Shailaja Beeram: So I have been seeing a lot of inefficiencies that are obvious at first glance, especially in the networking layer. For example, Nat Gateway and private endpoints often remains, uh, after workloads are changed over time. This becomes what I call zombie resources. Um, they don't, uh, actively serve a purpose, but, uh, still, uh, add cost and complexity to that. So, I saw many enterprises assume networking cost is neglectable, uh, compared to compute, but in large scale Azure environment, networking and outbound connectivity patterns often becomes hidden costs and scalability, bottleneck. So we have been seeing with the NA gateway in our [00:04:00] environment, that is continuously to incur cost regardless of usage, since there is no pause or a stop state. So in some, uh, environments, even when workloads are scaled down or removed, um, the NAG gateway remains attached to the subnet. keeps running. And also, uh, I also noticed, uh, that monitoring background traffic can make it appear like it's in use. But, uh, in real, like, which often delays cleanup like that, um, that is where, uh, the inefficiency starts to build up, right? So that is where we, uh, see, uh, and because. It sits at the networking layer. It's, uh, it's not always visible at the application level, which makes it easy to [00:05:00] overlook.

Taylor Houck: It's interesting to me because it's so easy with say, like a compute resource to tie it to an application and measure the compute and the memory utilization rates. But oftentimes with networking, it's, it's not so simple. I wanna drill into a couple of the concepts that you touched on.

Okay.

Shailaja Beeram: Mm-hmm.

Taylor Houck: is nat gateways,

Shailaja Beeram: Mm-hmm.

Taylor Houck: the other is how do you actually observe. Or identify when there's an opportunity when there could be network traffic that is perhaps hiding the true idleness, um, of a resource.

Shailaja Beeram: so what, uh, I have been seeing with Nat Gateway. Uh, is that it continues, uh, the cost regardless of usage or anything. in some environments, even when workloads are scaled down or removed and all that. So, um, what I have seen just about whether an ad gateway exists. It's, [00:06:00] uh, how it is being designed and used. For example, in some cases, n gateways are over provisioned used as a default patterns when every, uh, whenever, uh, the workload doesn't really needs that level of out bond set up. But still, we use it because it's a default one. So another example, uh, is like another, like common issue is around SNA port execution.

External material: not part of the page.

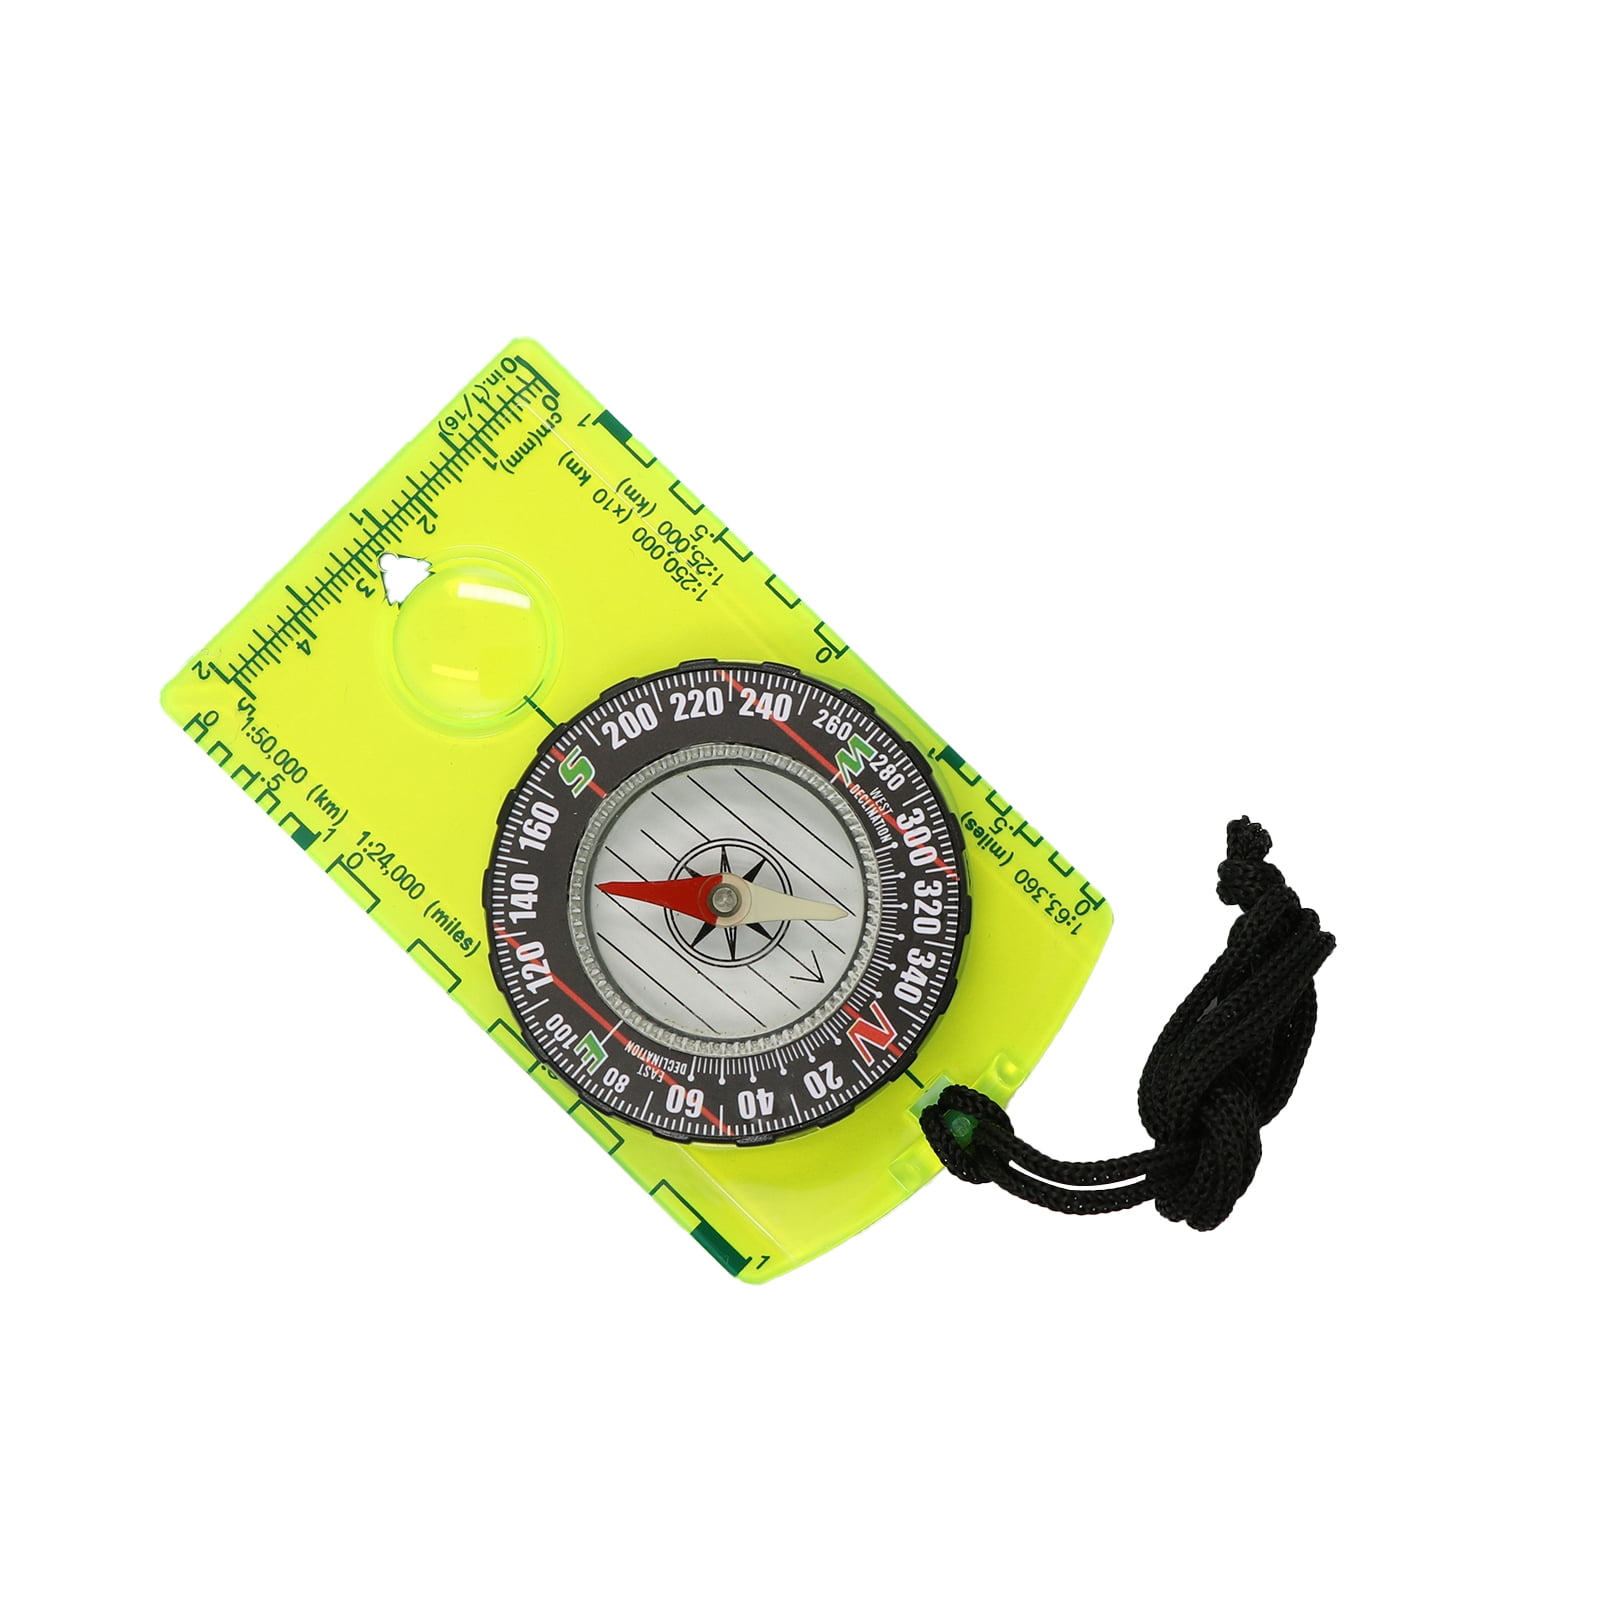 QUALITY BASEPLATE COMPASS IN MLS AND DEGREES HIKING ORIENTEERING CAMPING SCOUTS

Like teams sometime design, um, for it without fully understanding their actual traffic patterns, which leads to overcompensation in architecture. And then there is an outbound traffic design. If traffic, uh, paths are, you know. Uh, optimized. You can end up routing more data than necessary through NA Gateway, which directly increases, uh, cost. [00:07:00] So it really less about the resources itself think more about how the architecture around it is designed

Taylor Houck: so let's talk about it. How do you figure out that you're sending more traffic through a gateway than you need to?

Shailaja Beeram: Uh, that's a great

question.

Taylor Houck: It's not on the billing file, is it?

Shailaja Beeram: Yeah, it is not on the billing file. what I usually look is whether the NAG gateway is actually supporting any of the workloads, if the subnet doesn't have active compute resources like VMs or applications that required outbound connectivity. That usually a strong indicator. And I also try to understand the context. Sometimes there is minimal background traffic, but that doesn't necessarily means it's, it's serving a real application need. So that is where, uh, I could identify [00:08:00] and, uh, not every, uh, workload actually needs that gateway. It, it sometimes, uh, in some cases, uh, platform management, uh, outbound connectivity is sufficient for that, but teams often deploy in that gateway as a standard pattern without evaluating whether it's necessary, which can lead to unnecessary costs.

Taylor Houck: Yeah, and the managed NA gateway. You know, the concept of a NA gateway is not new, but it's the managed nat Gateway where they charge you hourly plus a per gigabyte fee to flow data through it. That's a new concept and it saves a lot of operational overhead, but as you pointed out, it's not the solution for every use case.

Before we move on from that, I want to go back because you mentioned that you've seen. Situations where minor background traffic could make it look like a Nat Gateway is actually in use when indeed there's nothing connected to it or no real business value in the Nat Gateway being there. To [00:09:00] me, it, it feels like something that could easily be overlooked because even if you're smart enough to look at the network traffic, you're gonna see some, some traffic there.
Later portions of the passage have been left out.